The numbers don’t make favourable reading for UEFA, and nor should they. The bare essentials of this pricing orientation is to maximise to earning potential of an event which is the very antithesis the organisation apparently aspire against.

If you care to peruse the UEFA or FIFA websites, the place is packed with contradiction. The glowing UEFA endorsed development reports depict imagery of war torn or disadvantage children seeking solace with a football. Look into the political rhetoric and there is a grandiose utopian perception of mutuality and independence shared in the beautiful game. Look into the ticket pricing and behind the avatar logos of Adidas, Coca-Cola, Budweiser and others, there is nothing but elitism and capital gains. The metaphorical and actual intentions do not add up.

Without adding to the speculation, the Panorama questions have still yet to be feasibly answered.
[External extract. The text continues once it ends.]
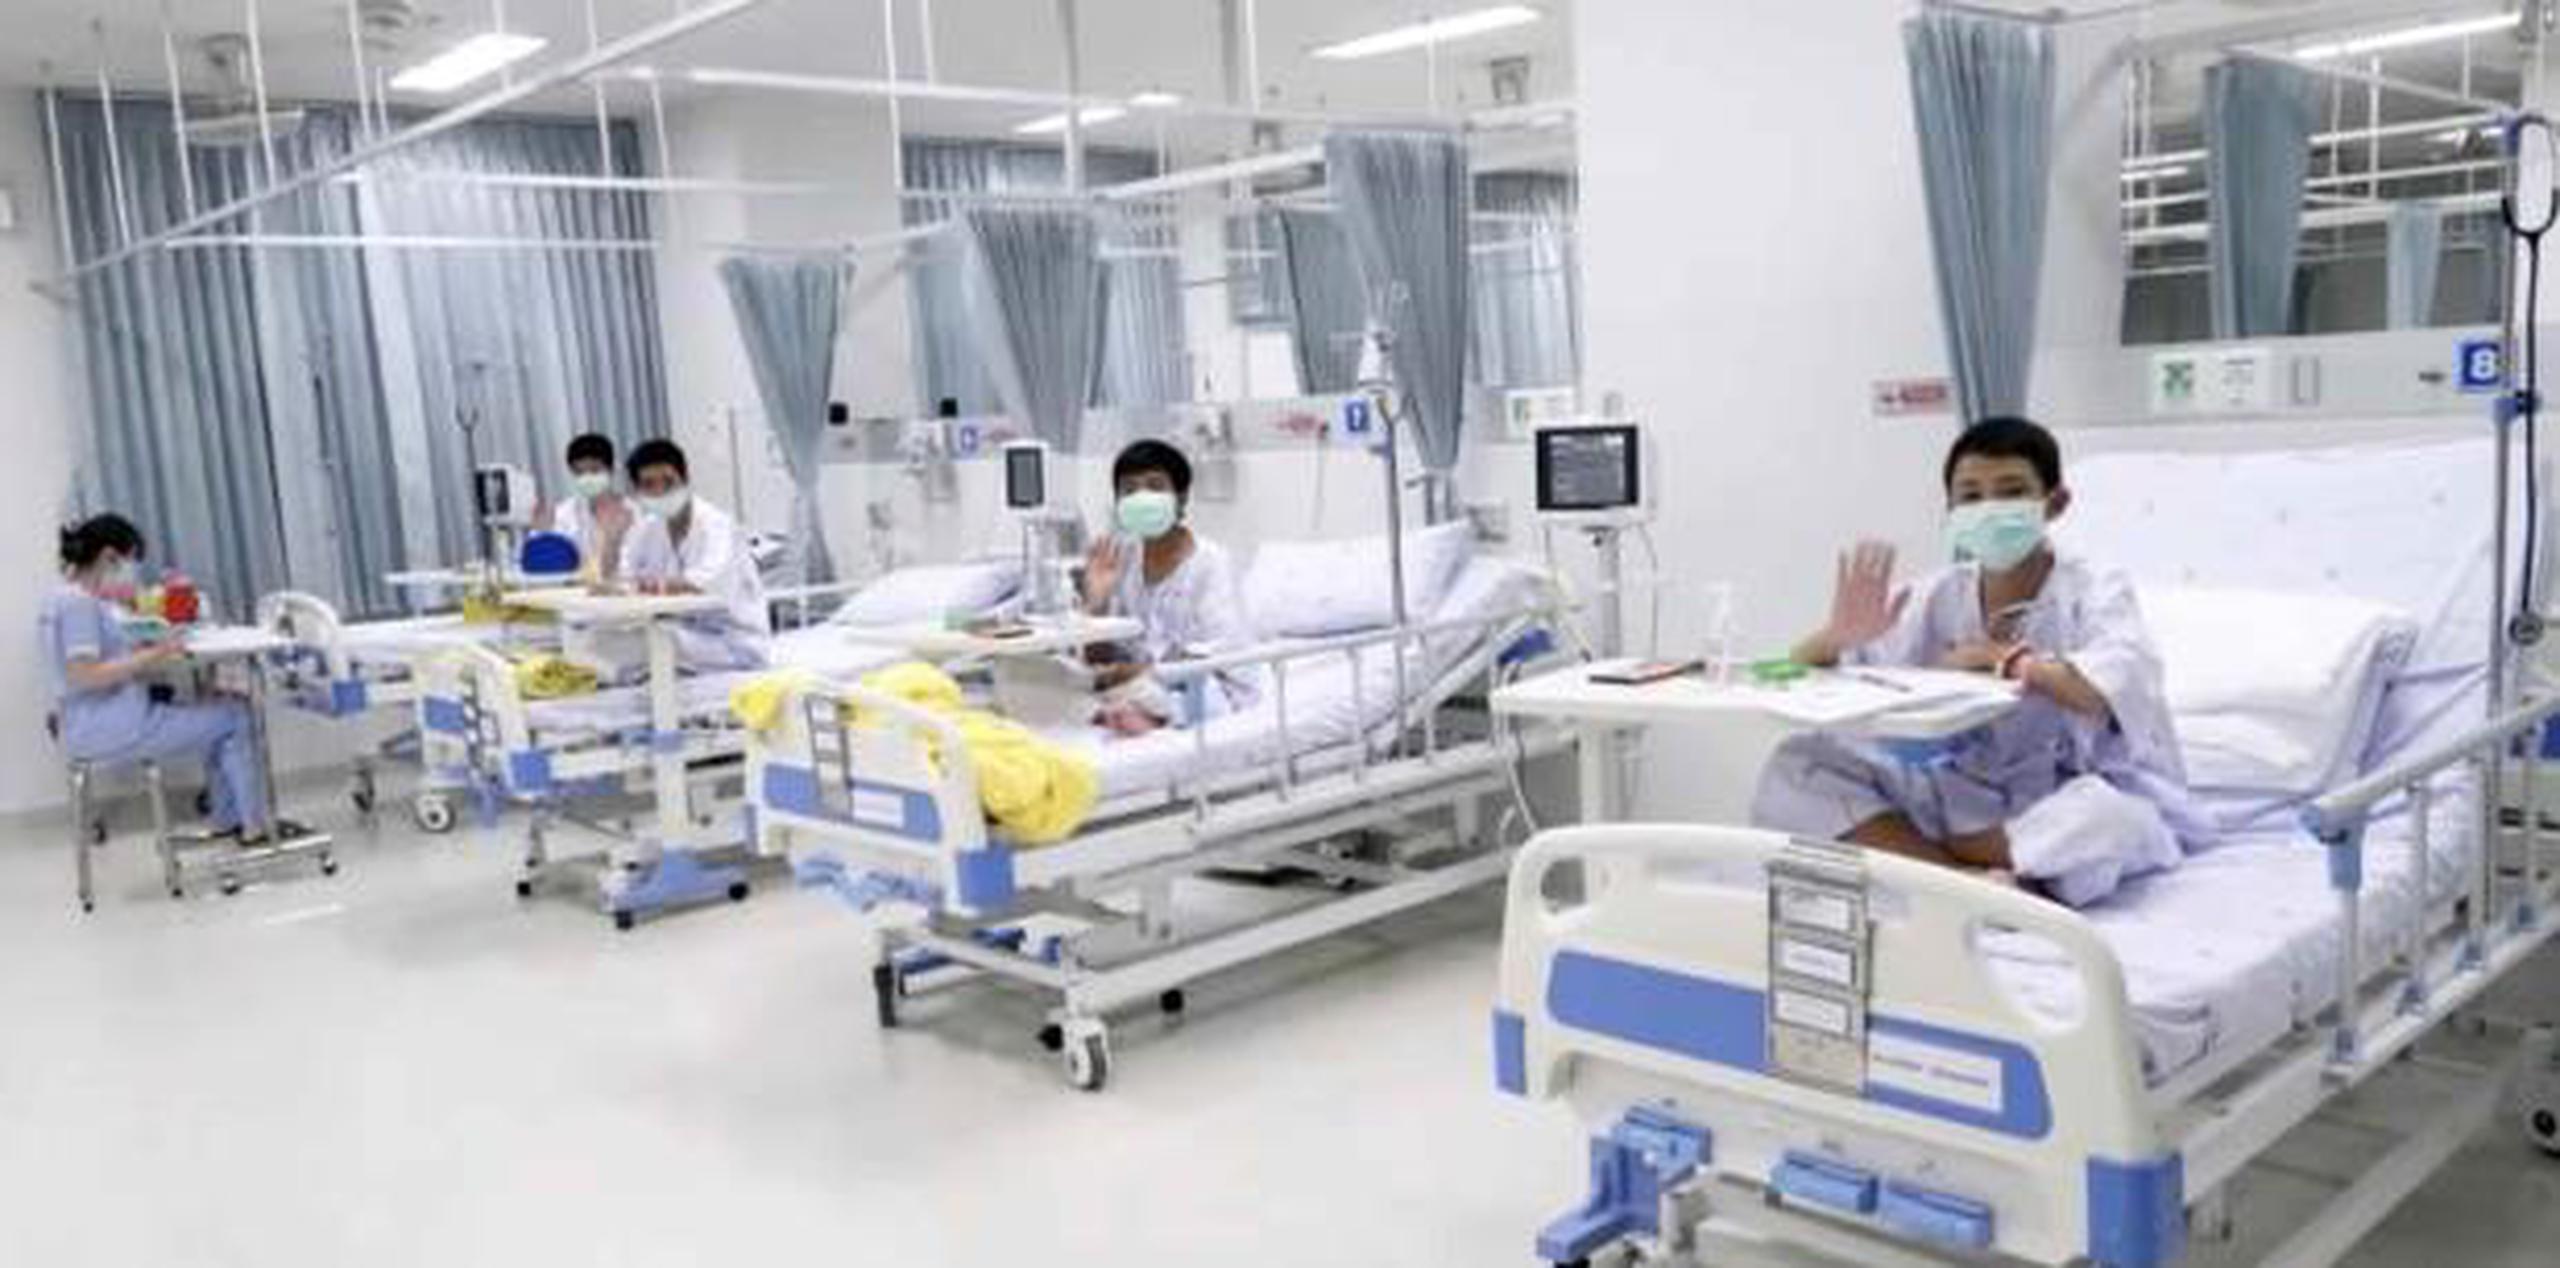 Un comunicado del hospital afirmó que los chicos continúan en recuperación y siguen siendo susceptibles a enfermedades infecciosas. (EFE)
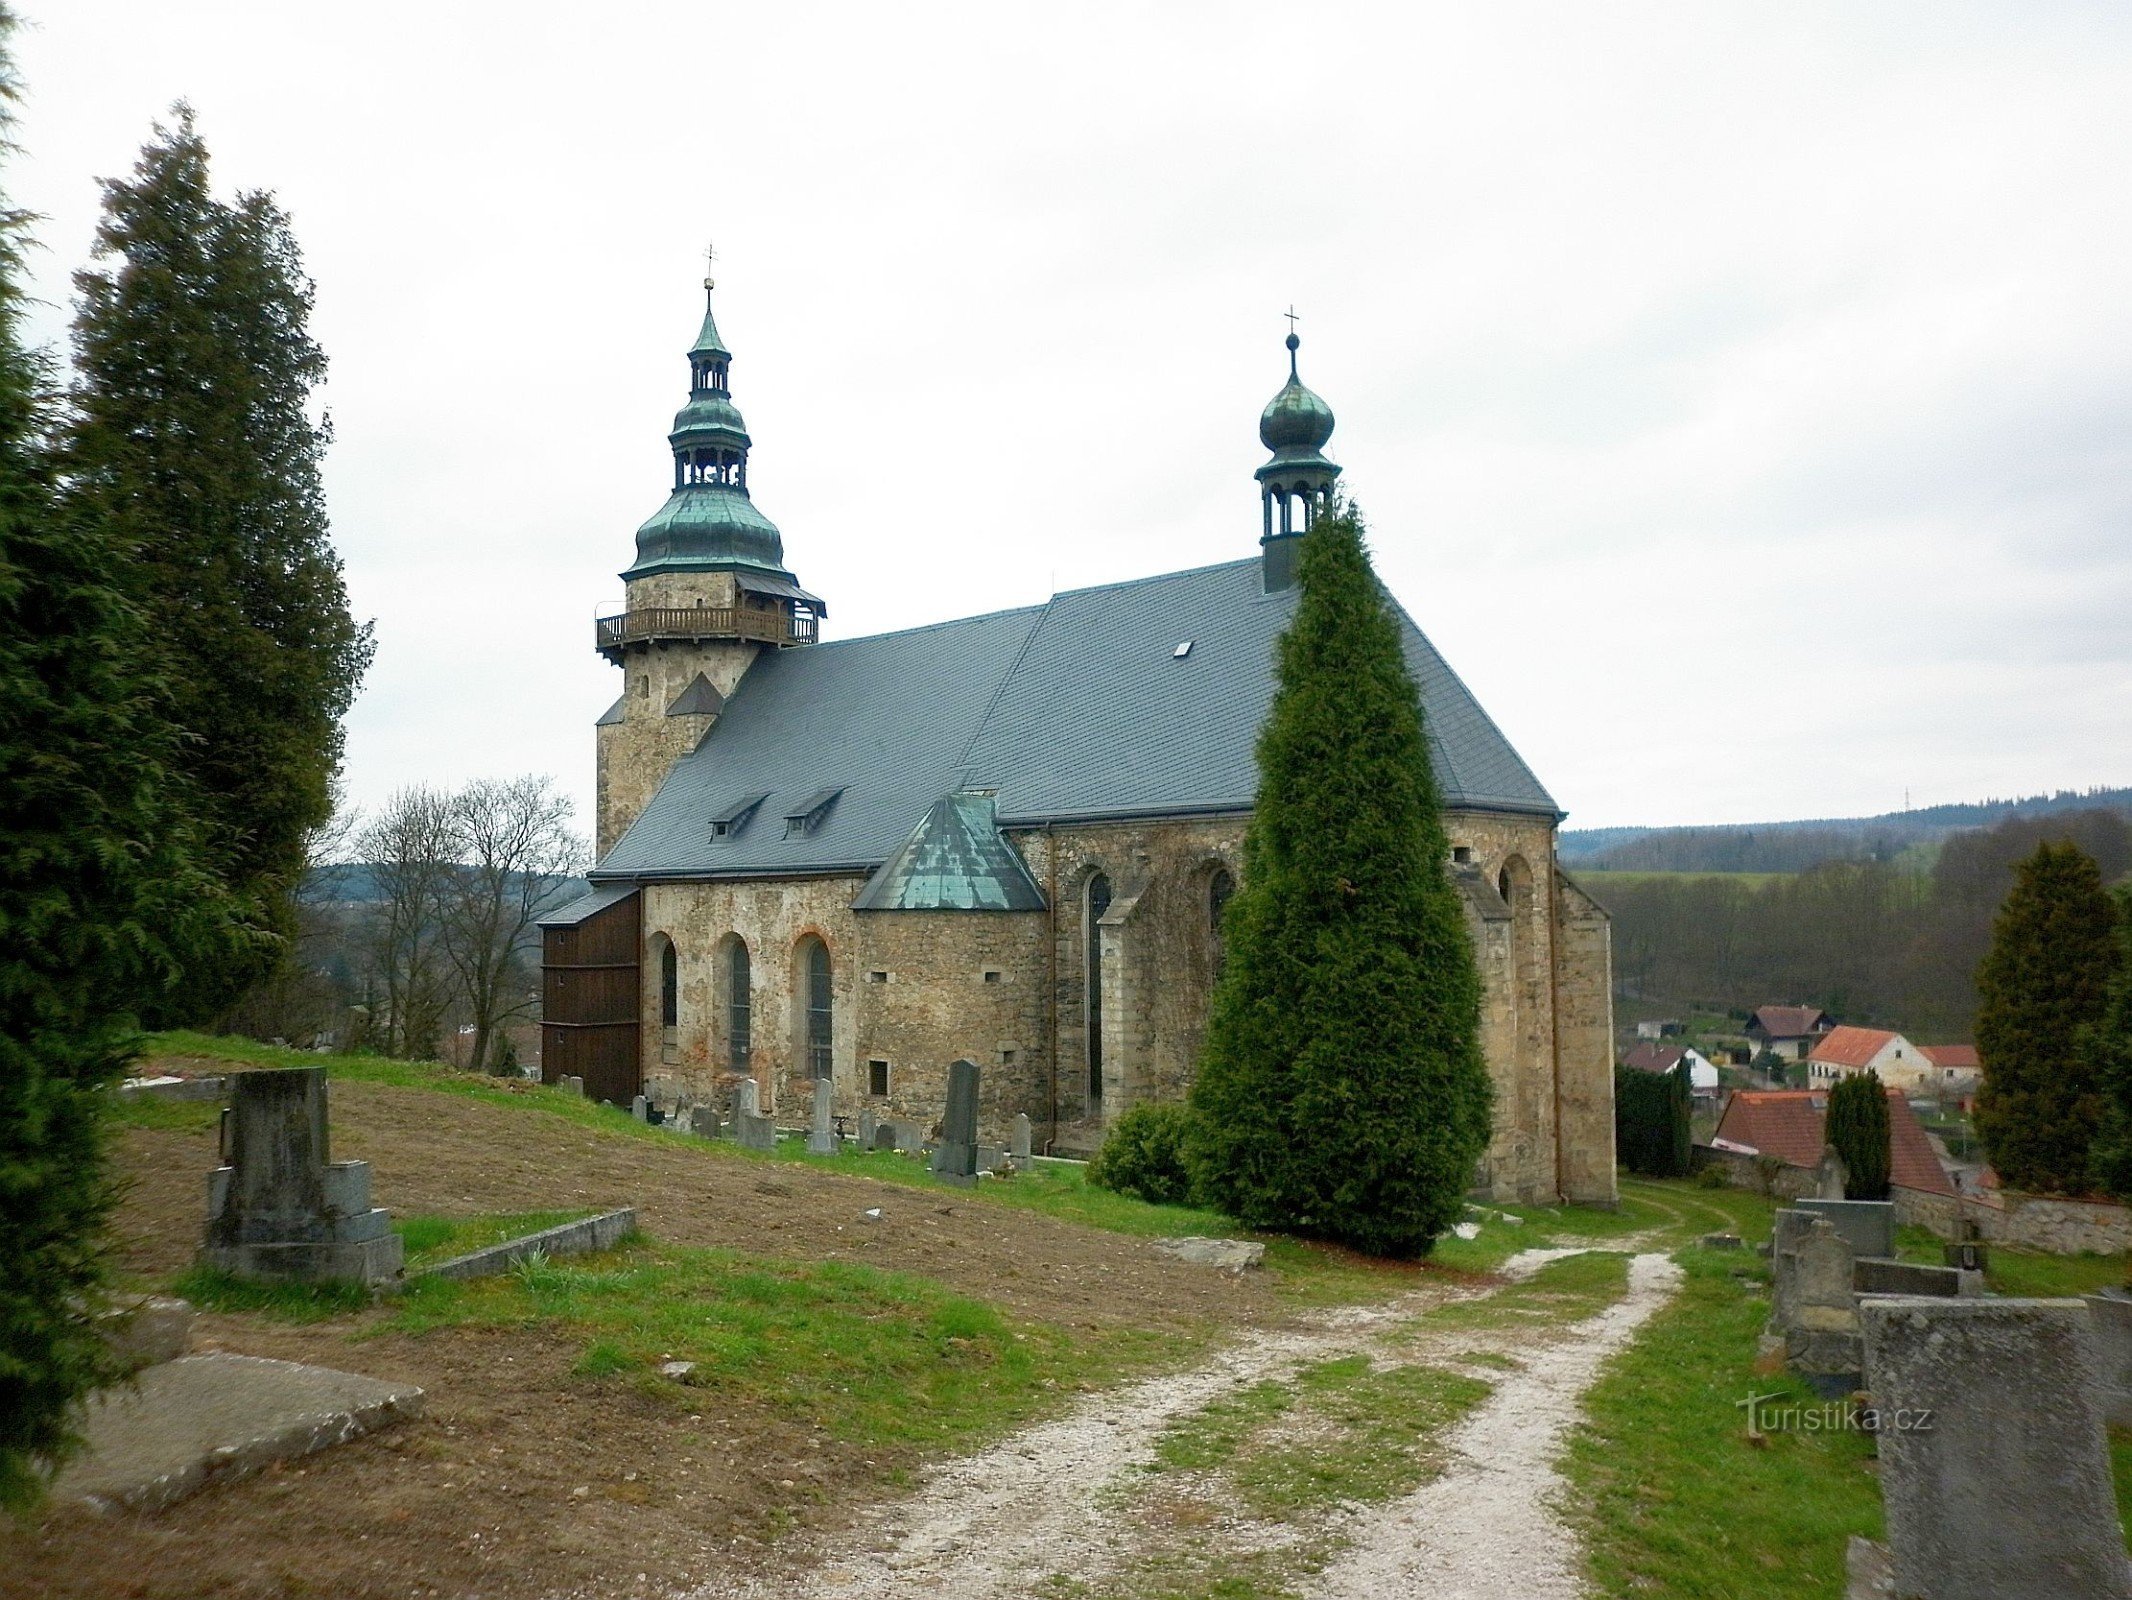 Horní Slavkov - Pyhän kirkko George

Those queries about internal contracts and holding accounts have been threatened with lawsuits. None have ever materialised.

How can UEFA think that charging £176 for a single match ticket to a football match is, in the words of Giorgio Marchetti, “a fair level”? Quite easily, to be honest. The event will be a sell-out, and those tickets which will be later regurgitated for much higher prices will all be snapped up regardless of what extortionate price they are set at.

That’s because football sells, and nobody sells it, or exploits it, like the games governing bodies, despite what the politically friendly-faced former golden boy come UEFA preacher may try to say to the contrary.

The prices charged for a single ticket regardless of the worldwide kudos of that game is simply extortion and draws nobody to the game other than those that can out bid the rest.

Such unequal economic playing fields have been oft derided by Platini to such levels that financial fair play rules are on there way in at his behest.

Will any monopolies body be invited in to review the ticket pricing system of registered UEFA and FIFA events? Maybe not.

Platini speaks frequently about his discomfort at the imbalance of European football, yet confesses little about how his organization have helped to create it. Yet, an overseas investor picking a club off the shelf is essentially harmless when compared to the game’s policing force charging football fans ridiculous prices to attend a football match.

The pricing of these tickets should not be the issue, moreover it is the integrity of the continents governing force which should be open to further investigation.

Michel Platini was born to a modest family in Joeuf, a small town in northern France. Could his father have afforded to take the future president of UEFA to a Champions League final, and if he couldn’t, what would he have said about a 15% incremental on the year before?

There are many questions about UEFA’s finances which will always remain unanswered, least of all how much will their corporate bar tab increase by this year?